Python 3.2 has some deadly infection
On Friday, June 6, 2014 9:27:51 PM UTC+5:30, Steven D'Aprano wrote:
> On Fri, 06 Jun 2014 18:32:39 +0300, Marko Rauhamaa wrote:
> > Michael Torri:
> >> On 06/06/2014 08:10 AM, Marko Rauhamaa wrote:
> >>> Ethan Furman :
> >>>> ASCII is *not* the state of "this string has no encoding" -- that
> >>>> would be Unicode; a Unicode string, as a data type, has no encoding.
> >>> Huh?
> >> [...]
> >> What part of his statement are you saying "Huh?" about?

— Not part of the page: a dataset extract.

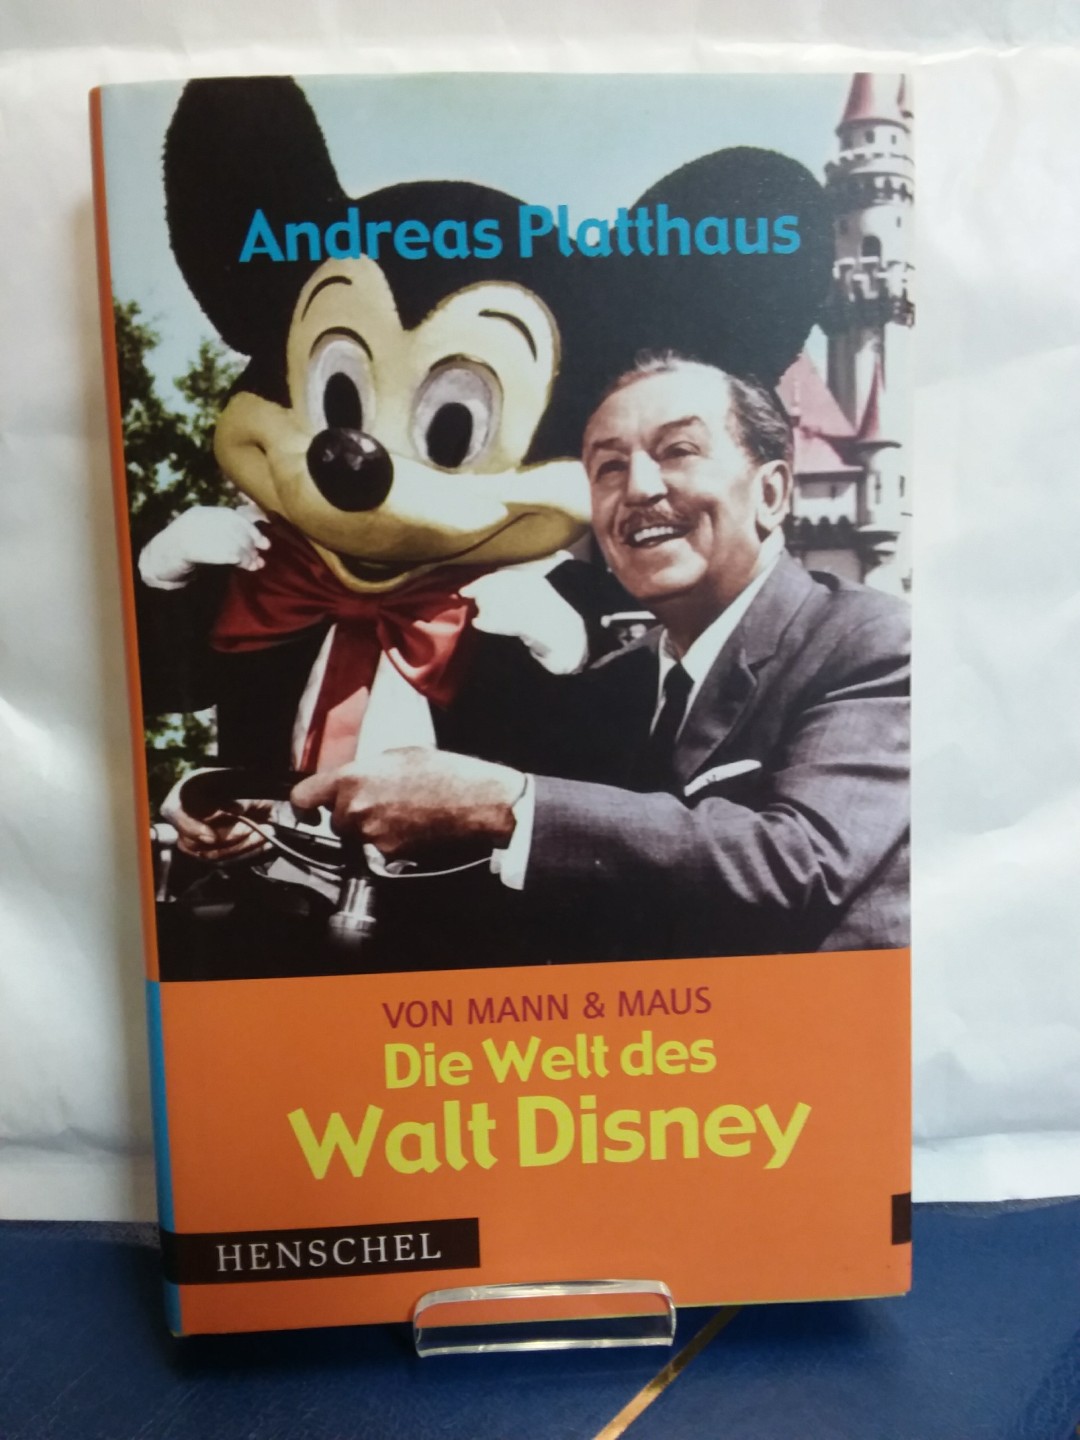 Von Mann & Maus: Die Welt des Walt Disney - Platthaus, Andreas
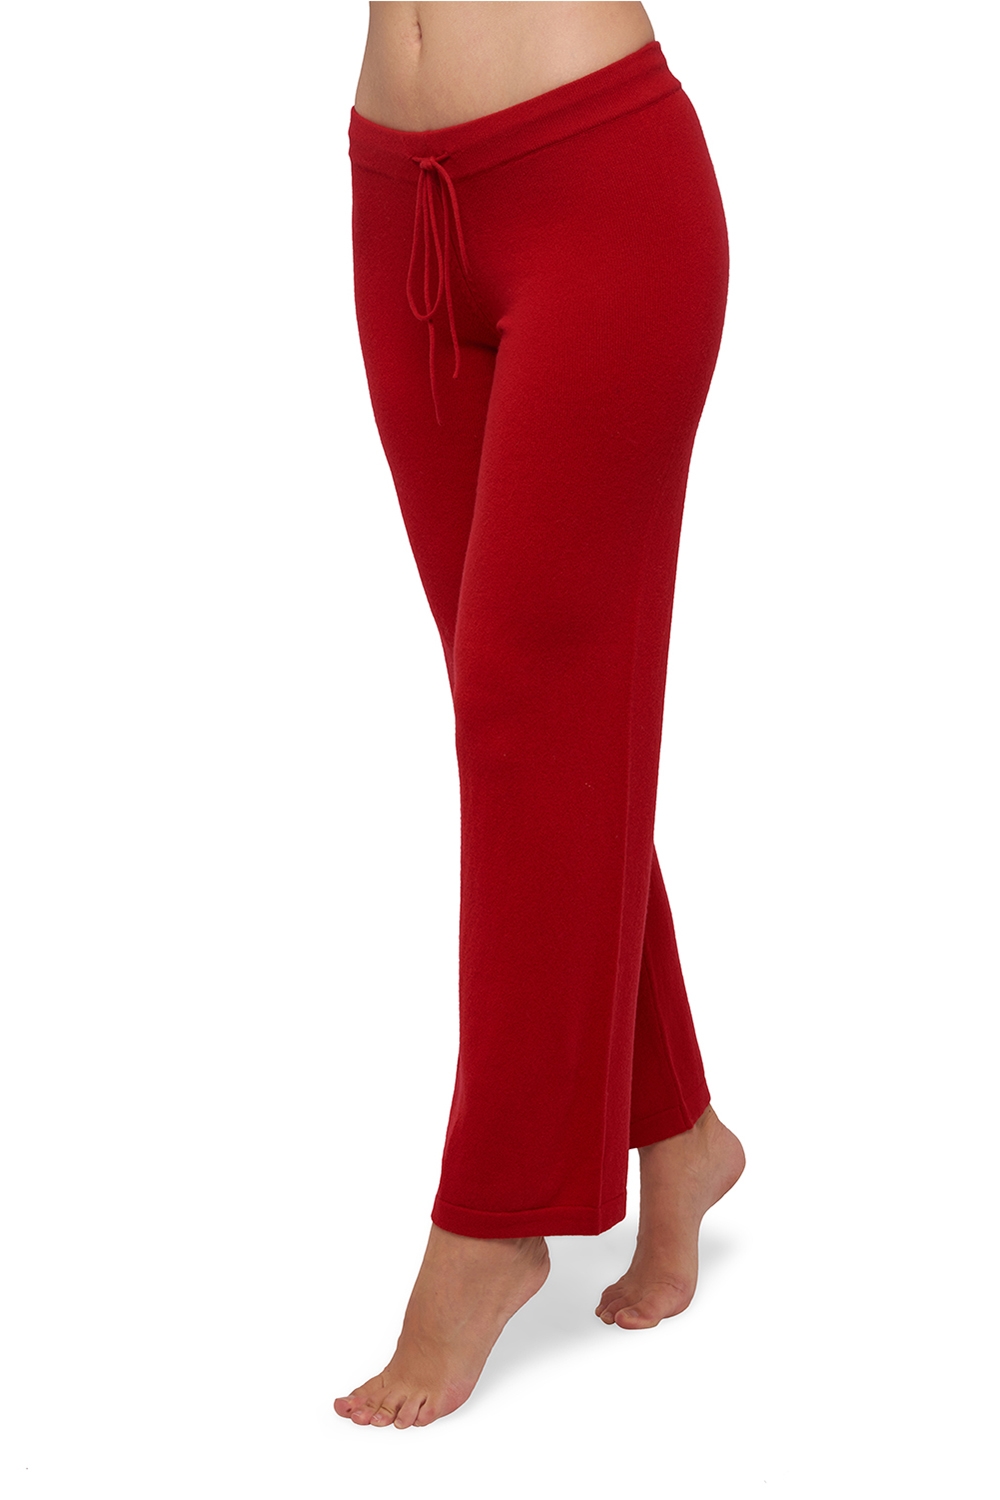 Cashmere cashmere donna pantaloni leggings malice rosso rubino 4xl

> > Unicode, like ASCII, is a code. Representing text in unicode is
> > encoding.
> A Unicode string as an abstract data type has no encoding. It is a
> Platonic ideal, a pure form like the real numbers. There are no bytes, no
> bits, just code points. That is what Ethan means. A Unicode string like
> s = u"NOBODY expects the Spanish Inquisition!"
> should not be thought of as a bunch of bytes in some encoding, but as an
> array of code points. Eventually the abstraction will leak, all
> abstractions do, but not for a very long time.
"Should not be thought of" yes thats the Python3 world view
Not even the Python2 world view
And very far from the classic Unix world view.
As Ned Batchelder says in Unipain: http://nedbatchelder.com/text/unipain.html :
Programmers should use the 'unicode sandwich'to avoid 'unipain':
Bytes on the outside, Unicode on the inside, encode/decode at the edges.
The discussion here is precisely about these edges
Combine that with Chris':
> Yes and no. "ASCII" means two things: Firstly, it's a mapping from the
> letter A to the number 65, from the exclamation mark to 33, from the
> backslash to 92, and so on. And secondly, it's an encoding of those
> numbers into the lowest seven bits of a byte, with the high byte left
> clear. Between those two, you get a means of representing the letter
> 'A' as the byte 0x41, and one of them is an encoding.
and the situation appears quite the opposite of Ethan's description:
In the 'old world' ASCII was both mapping and encoding and so there was
never a justification to distinguish encoding from codepoint.
It is unicode that demands these distinctions.
If we could magically go to a world where the number of bits in a byte was 32
all this headache would go away. [Actually just 21 is enough!]